Take this simple function that increments an integer under a lock implemented by std::mutex:
#include <mutex>
std::mutex m;
void inc(int& i) {
    std::unique_lock<std::mutex> lock(m);
    i++;
}
I would expect this (after inlining) to compile in a straightforward way to a call of m.lock() an increment of i and then m.unlock().

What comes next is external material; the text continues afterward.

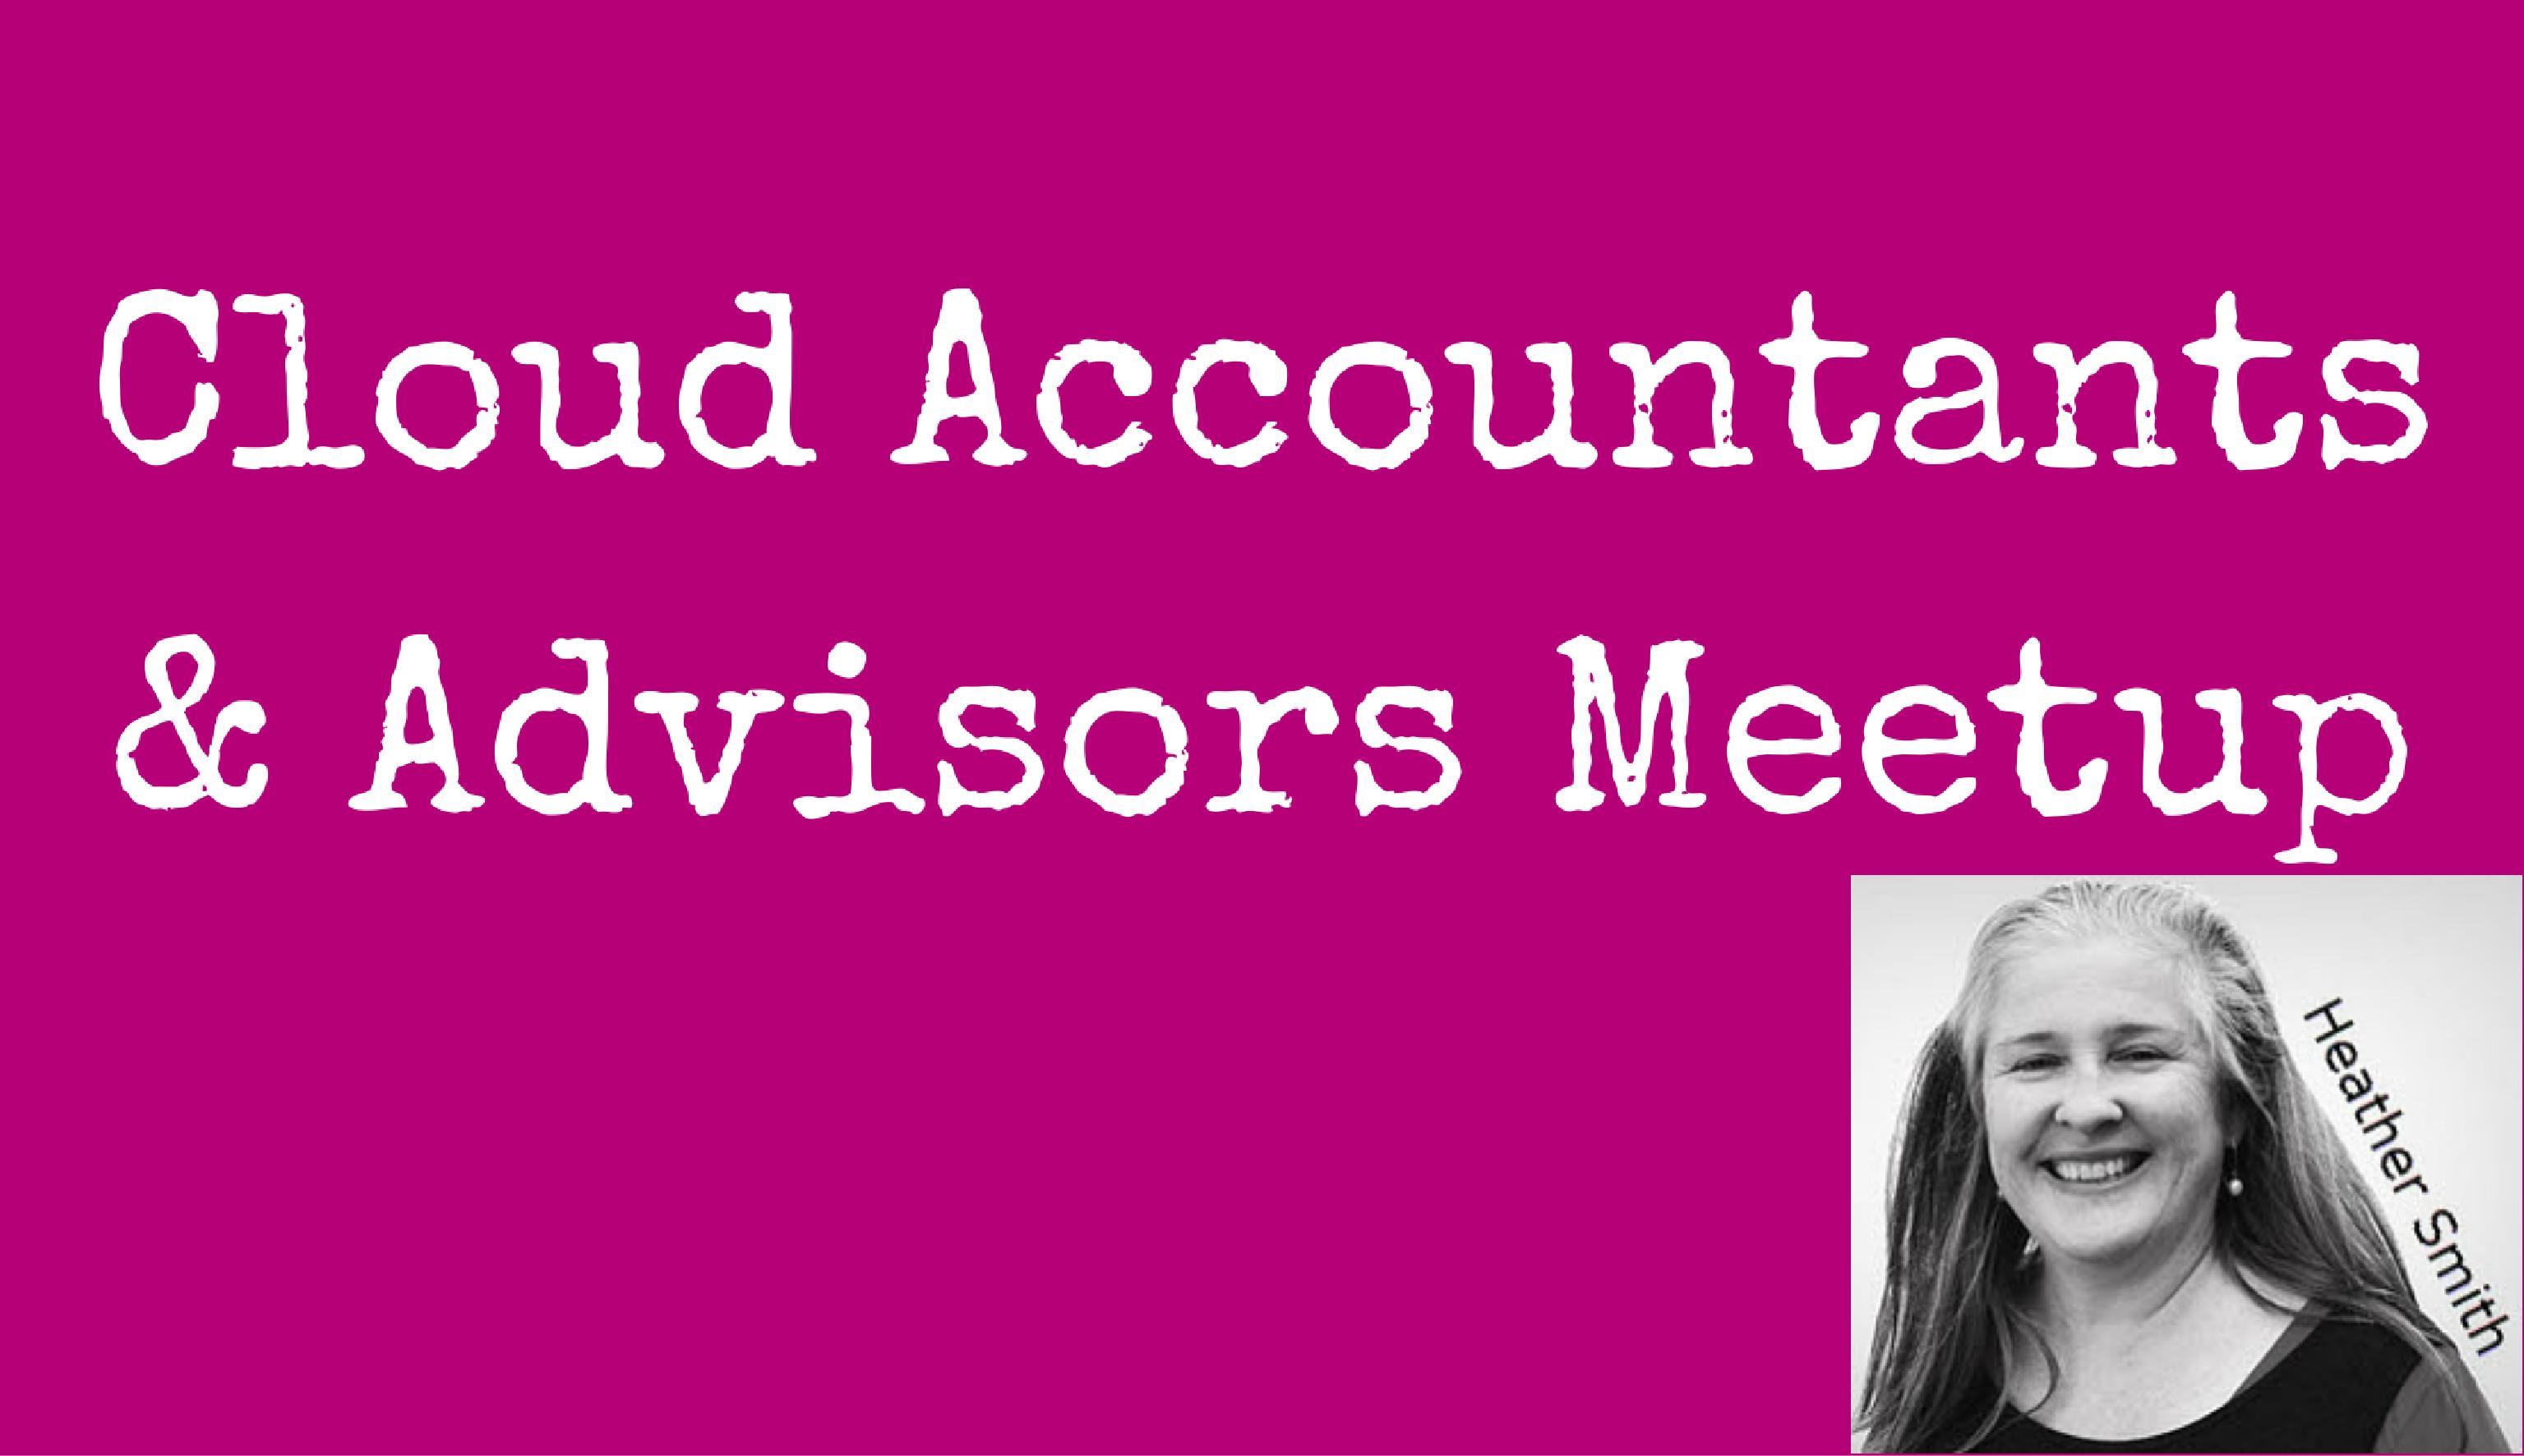 Cloud Accountants & Advisors Meetup

Checking the generated assembly for recent versions of gcc and clang, however, we see an extra complication. Taking the gcc version first:
inc(int&):
  mov eax, OFFSET FLAT:__gthrw___pthread_key_create(unsigned int*, void (*)(void*))
  test rax, rax
  je .L2
  push rbx
  mov rbx, rdi
  mov edi, OFFSET FLAT:m
  call __gthrw_pthread_mutex_lock(pthread_mutex_t*)
  test eax, eax
  jne .L10
  add DWORD PTR [rbx], 1
  mov edi, OFFSET FLAT:m
  pop rbx
  jmp __gthrw_pthread_mutex_unlock(pthread_mutex_t*)
.L2:
  add DWORD PTR [rdi], 1
  ret
.L10:
  mov edi, eax
  call std::__throw_system_error(int)
It's the first couple of lines that are interesting. The assembled code examines the address of __gthrw___pthread_key_create (which is the implementation for pthread_key_create - a function to create a thread-local storage key), and if it is zero, it branches to .L2 which implements the increment in a single instruction without any locking at all.
If it is non-zero it proceeds as expected: locking the mutex, doing the increment, and unlocking.
clang does even more: it checks the address of the function twice, once before the lock and once before the unlock:
inc(int&): # @inc(int&)
  push rbx
  mov rbx, rdi
  mov eax, __pthread_key_create
  test rax, rax
  je .LBB0_4
  mov edi, m
  call pthread_mutex_lock
  test eax, eax
  jne .LBB0_6
  inc dword ptr [rbx]
  mov eax, __pthread_key_create
  test rax, rax
  je .LBB0_5
  mov edi, m
  pop rbx
  jmp pthread_mutex_unlock # TAILCALL
.LBB0_4:
  inc dword ptr [rbx]
.LBB0_5:
  pop rbx
  ret
.LBB0_6:
  mov edi, eax
  call std::__throw_system_error(int)
What's the purpose of this check?
Perhaps it is to support the case where the object file is ultimately complied into a binary without pthreads support and then to fall back to a version without locking in that case? I couldn't find any documentation on this behavior.